NEW YORK (CNNMoney.com) -- Consumer prices are up slightly over last year driven by climbing food and energy costs, but still lower than policymakers would like.
The Consumer Price Index, a key measure of inflation, rose 1.1% over the last 12 months ending in September, the Bureau of Labor Statistics said Friday, unchanged from the previous month. Any number above zero means prices are rising, but a rate around 1% is considered slow growth.
Shortly ahead of the report, Federal Reserve Chairman Ben Bernanke gave a speech on the "low inflation environment," saying inflation trends will likely "remain subdued for some time."
"Inflation is running at rates that are too low" Bernanke warned. "The risk of deflation is higher than desirable."
The possibility of rising inflation had also been a concern amid speculation of further easing of U.S. monetary policy. But the low CPI reading dissuaded some of those fears, lending more support to predictions that the Fed will buy more long-term Treasurys in November, said Mark Vitner, senior economist with Wells Fargo.
"There really isn't a whole lot of reason to worry about inflation right now, and that gives the Fed a free hand to do whatever they need to do," Vitner said.
The CPI report was also closely watched by policymakers this month, because the government used the data to determine Social Security beneficiaries will not get a cost of living increase in 2011.

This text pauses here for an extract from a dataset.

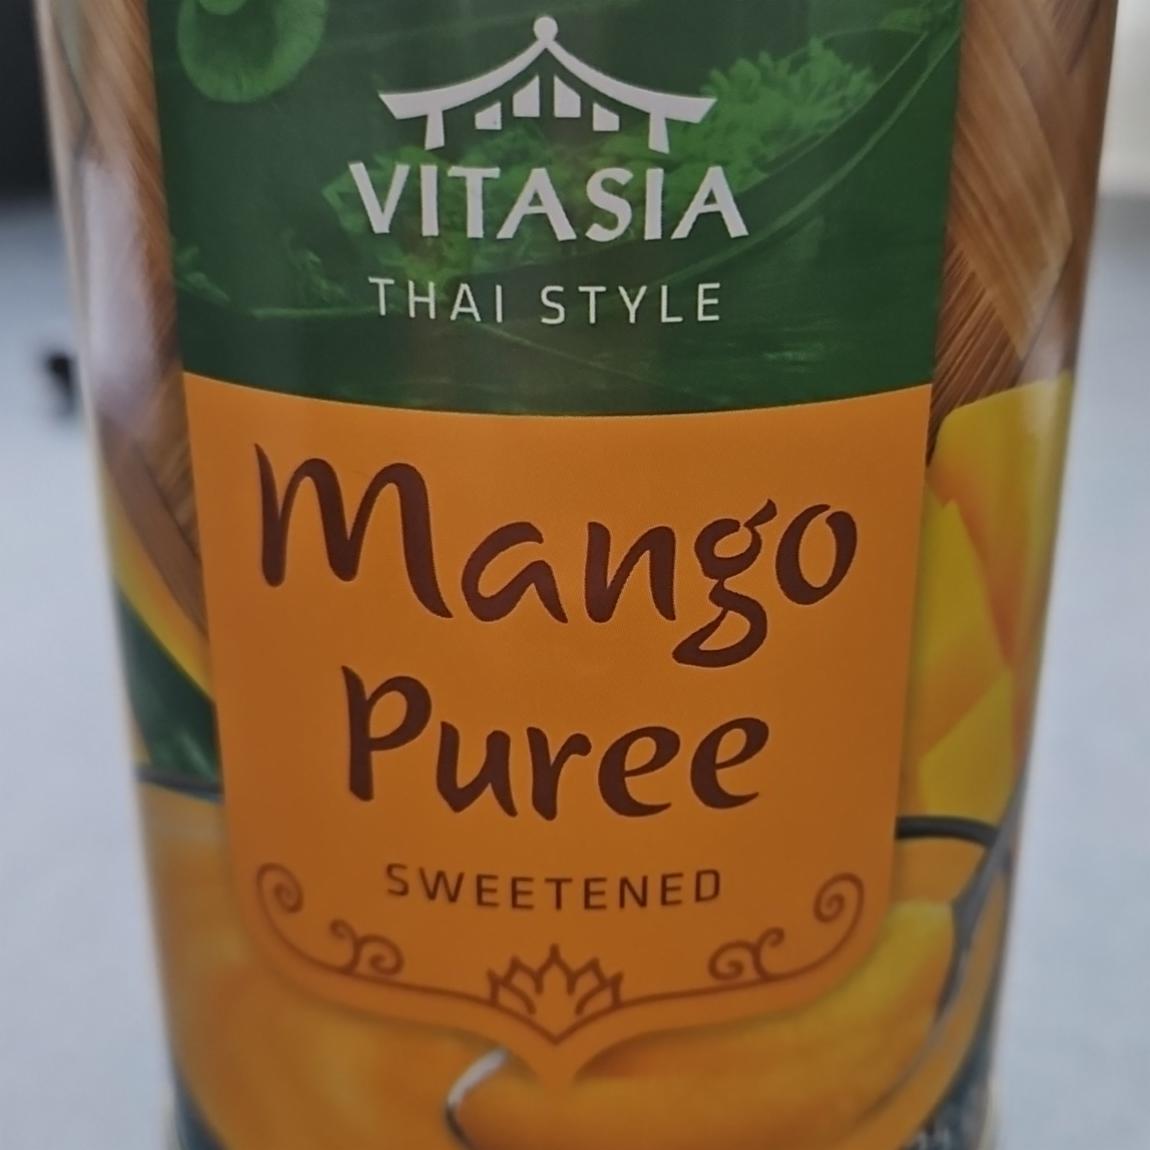 Képek - Mango Puree sweetened Vitasia

The so-called core CPI, which strips out volatile food and energy prices, rose at a 0.8% annual rate in September, down slightly from 0.9% in August.
Food prices posted their largest increase since October 2008, rising 1.4% during the year. Energy prices rose 3.8%.
For September, CPI rose just 0.1% month over month, lower than expectations. Prices were expected to have increased 0.2% in September, after climbing 0.3% the previous month, according to consensus estimates from Briefing.com.